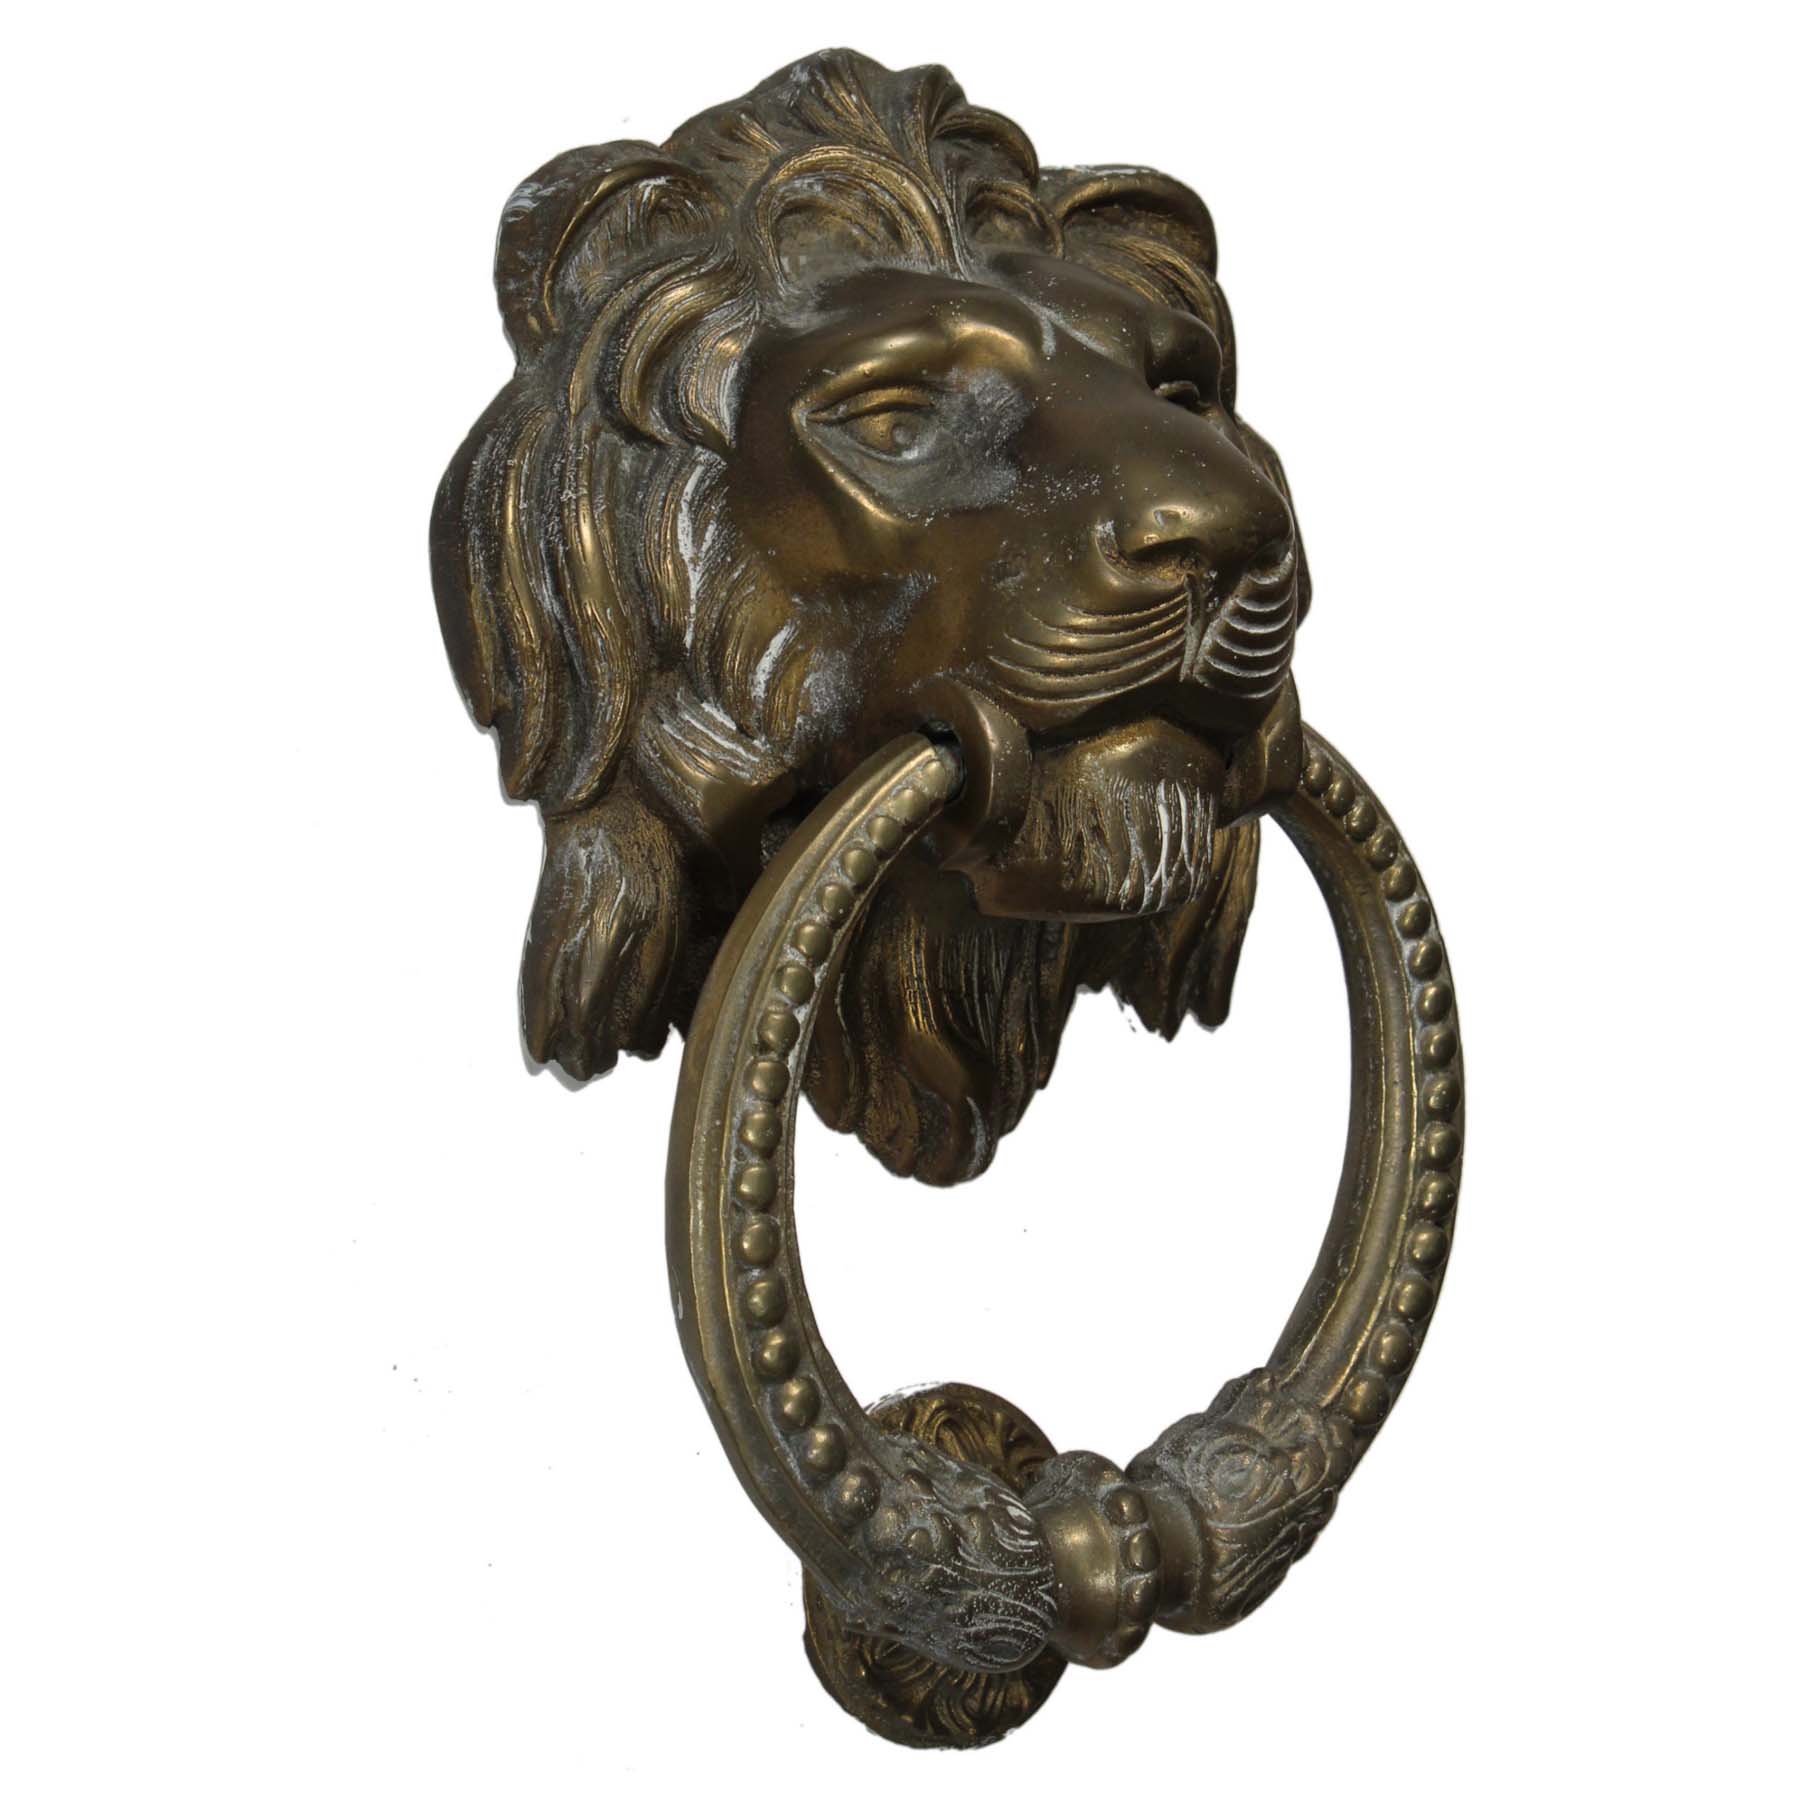 SOLD Substantial Antique Brass Lion Door Knocker, C. 1900 -70014
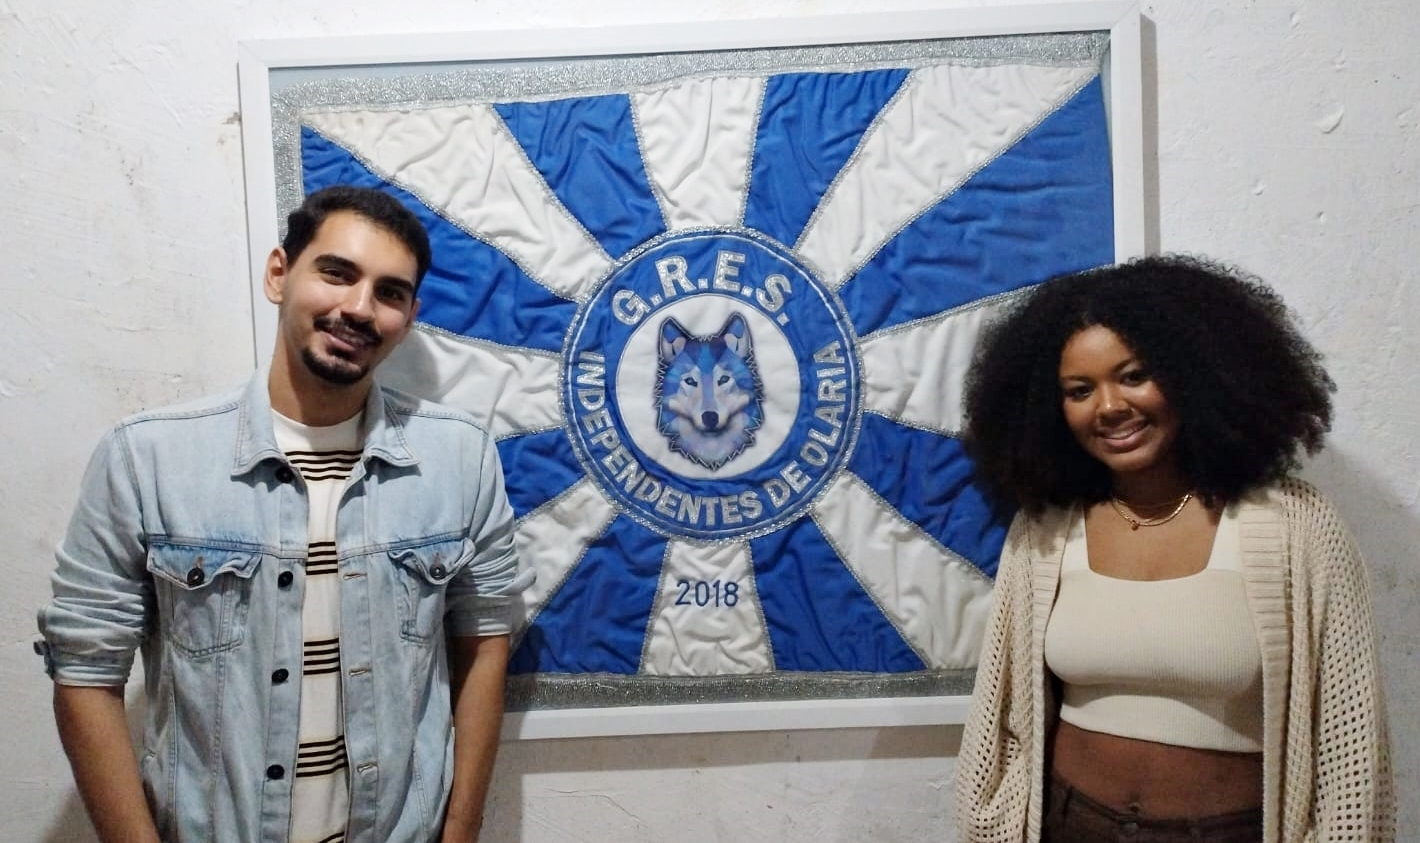 Ester Domingos e Ariel Portes são os novos carnavalescos da Independentes de Olaria
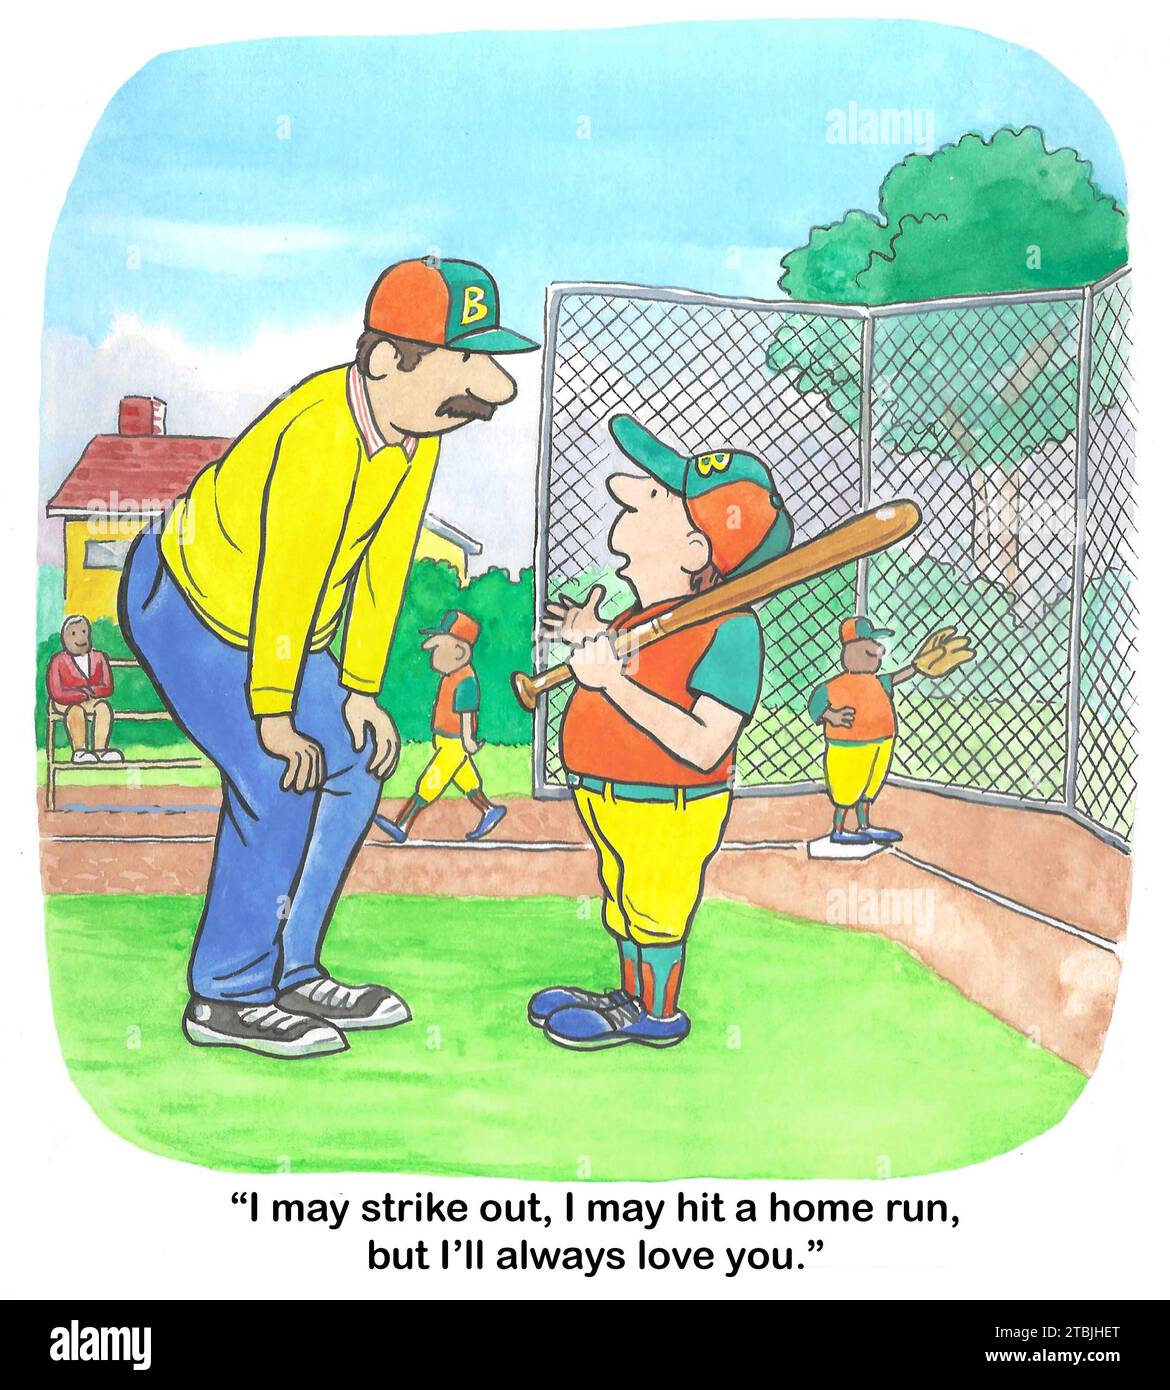 Dessin animé en couleur de rôles familiaux inversés - le fils dit au père «Je t'aimerai toujours», même si je ne fais pas bien en softball. Banque D'Images

- - - - - - -

YOUR INSTRUCTIONS: Write out the data exactly, but not its pictures.

RESPONSE TO THIS EXERCISE:
 SOLD Substantial Antique Brass Lion Door Knocker, C. 1900 -70014
 Ester Domingos e Ariel Portes são os novos carnavalescos da Independentes de Olaria
 Dessin animé en couleur de rôles familiaux inversés - le fils dit au père «Je t'aimerai toujours», même si je ne fais pas bien en softball. Banque D'Images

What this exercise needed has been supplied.